While to OGTR regulatory scheme is backed up by best regulatory practices, to a large extent, the States systems are in the main prohibitory legislation and do not have the transparency nor a process by which best regulatory practices are apparent. State legislations are all different in scope, jurisdiction and administration. Thus, it cannot be said that the present scheme has in any way achieved a, b and c above.

In the Commonwealth Governments own document titled Australian Biotechnology 2000, A national Strategy one of the goals stated on page 7 (Government's Vision for Australian Biotechnology) is "To enhance the economic and community benefits of biotechnology through an internationally competitive environment for investment and enterprise development". Under the current prevailing situation this goal will never be achieved.

Coordination and clear delineation of responsibilities between Federal regulatory agencies should also be improved.

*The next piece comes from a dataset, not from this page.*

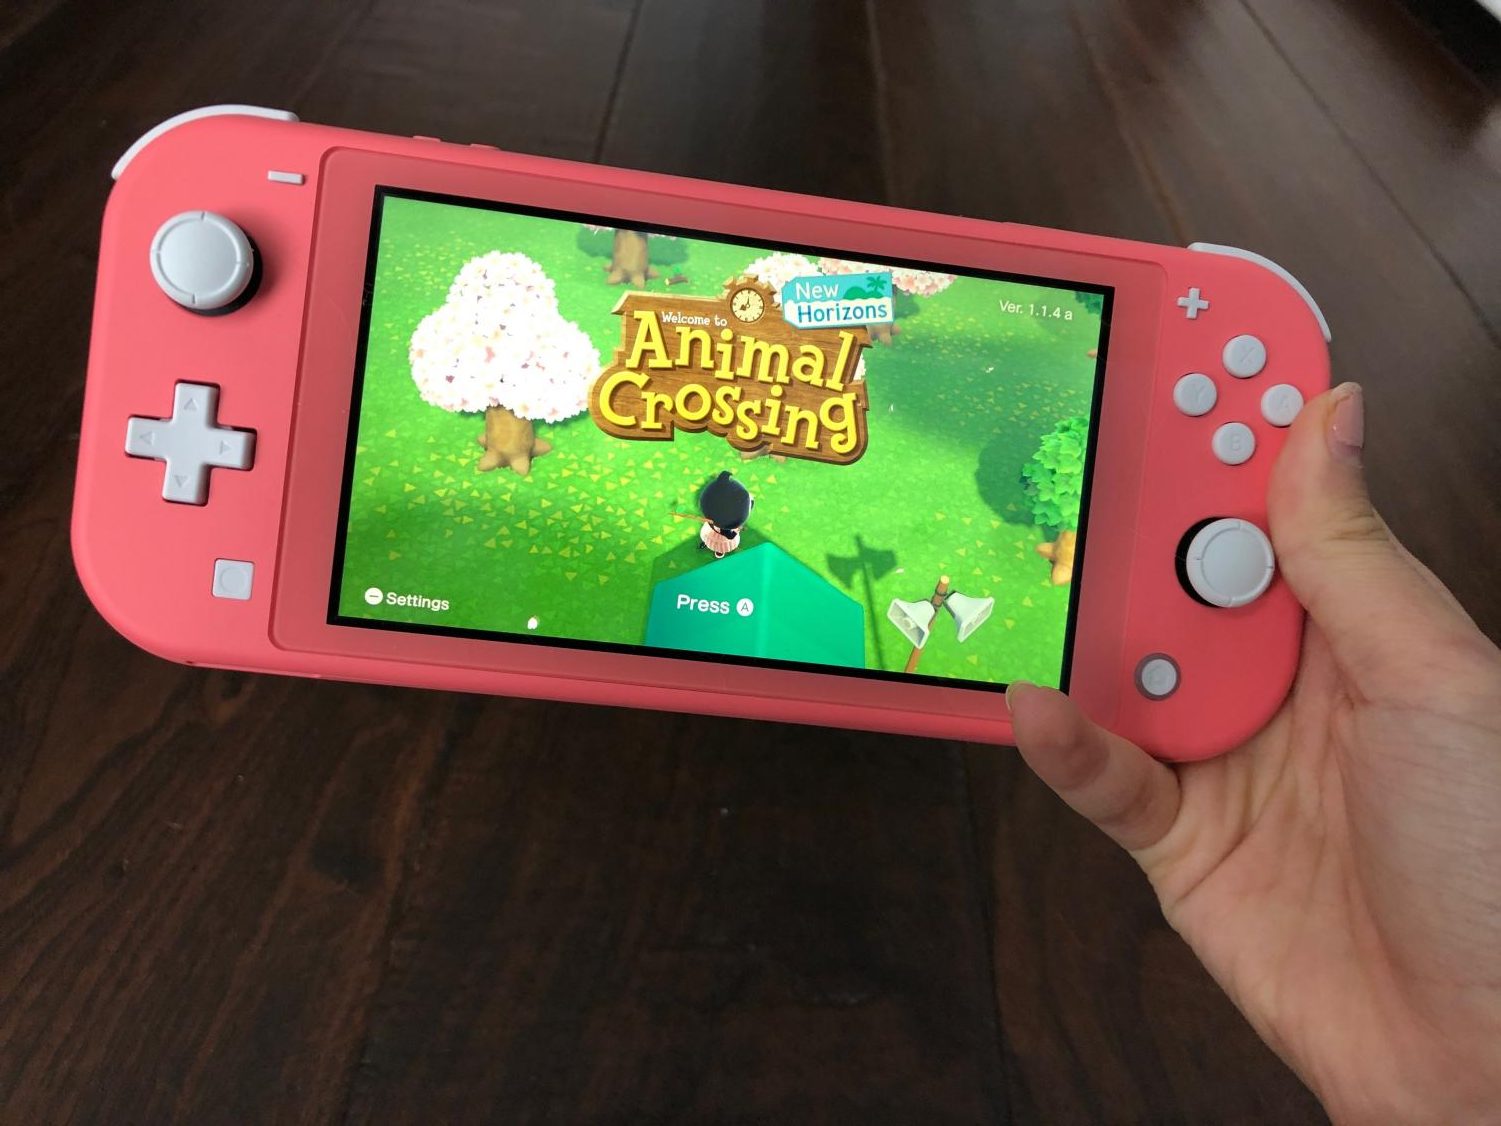 animal crossing console sold out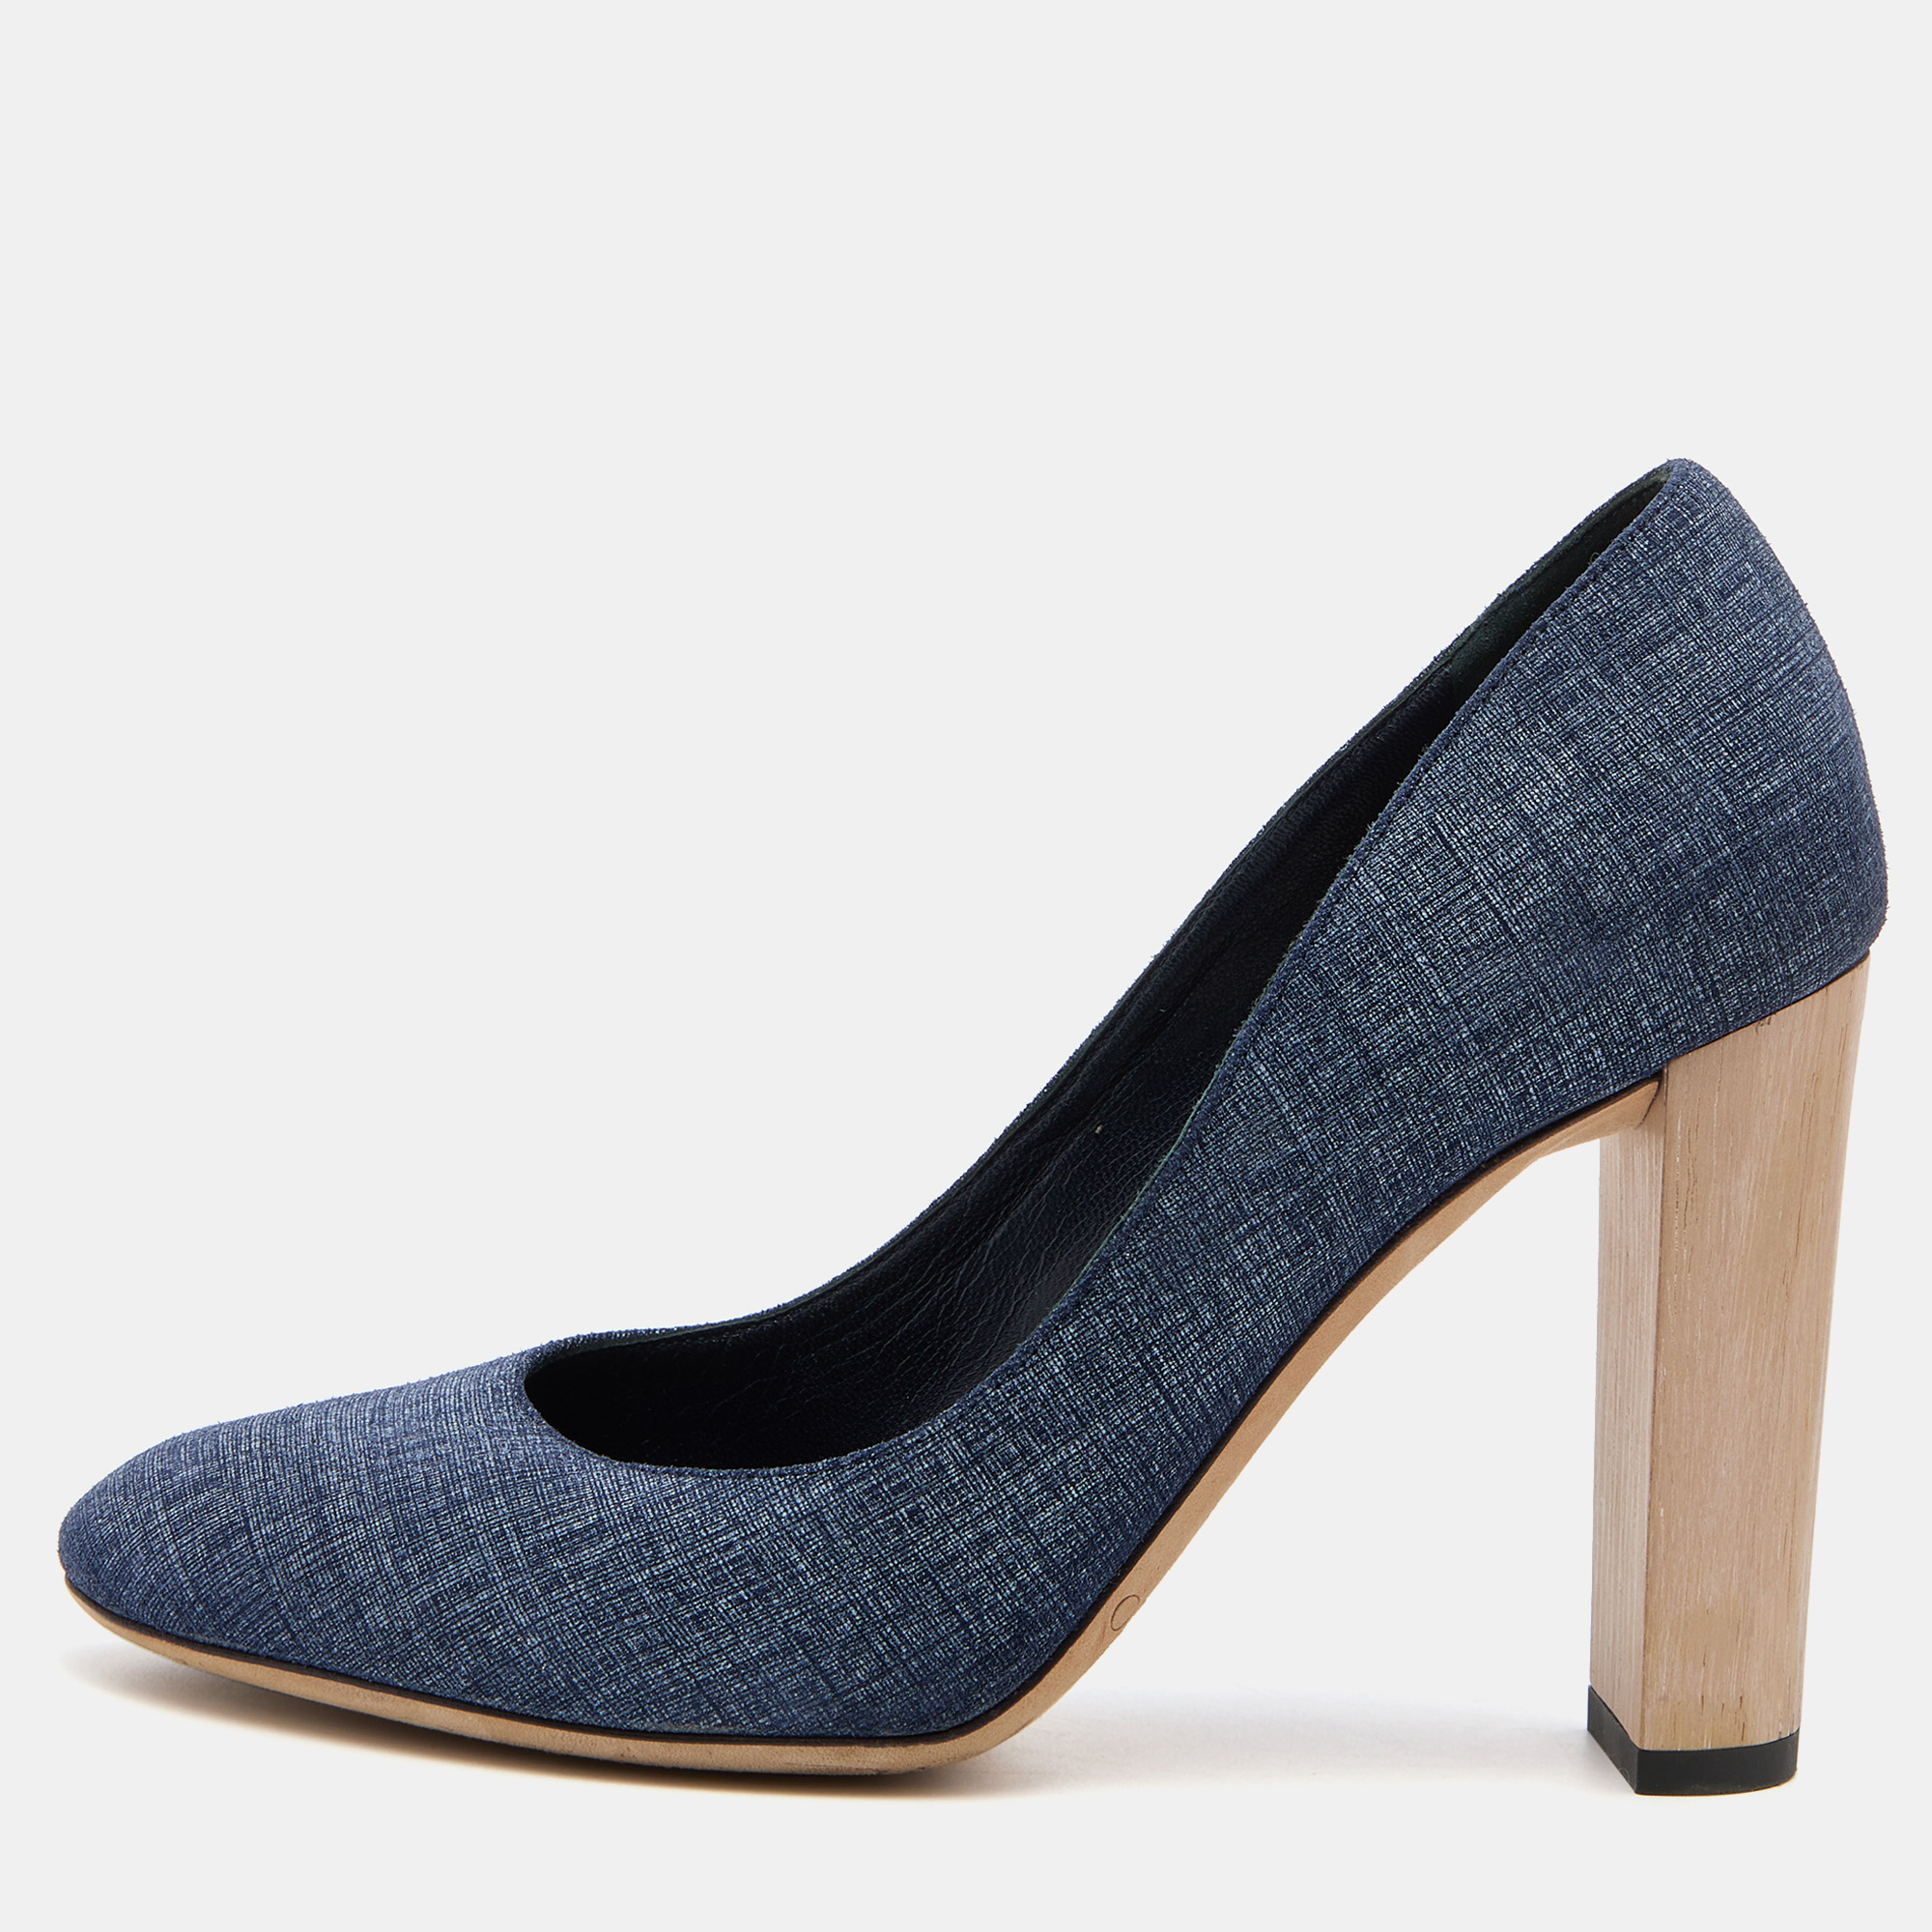 Exhibit an elegant style with this pair of pumps. These designer pumps are crafted from quality materials. They are set on durable soles and high heels.

Our experience shows the areas of overlap between jurisdictions occur in the following areas- an insecticide resistance plant which needs assessment by the OGTR and the APVMA. It would be more efficient and save on costs for both companies and regulatory agencies if duplication could be avoided.

The regulatory burden and whether compliance costs for organisations working in gene technology are reasonable and justified compared to benefits achieved and if the regulatory requirements for classes of approval under the Act are commensurate with the level of risk.
Experience gained during the years that Bayer CropScience has been working under the GT Act would suggest that the cost of compliance imposed on applicants is often excessive. While the mandate of the OGTR is that of safeguarding the environment and human health, experience has shown that often risk management requirements are so stringent that excessive costs are imposed which are disproportionate to the level of risk posed.

Cost savings can also be has by both applicants and the OGTR if measures to avoid duplication of assessment and data submission with other Australian and overseas regulatory agencies are implemented.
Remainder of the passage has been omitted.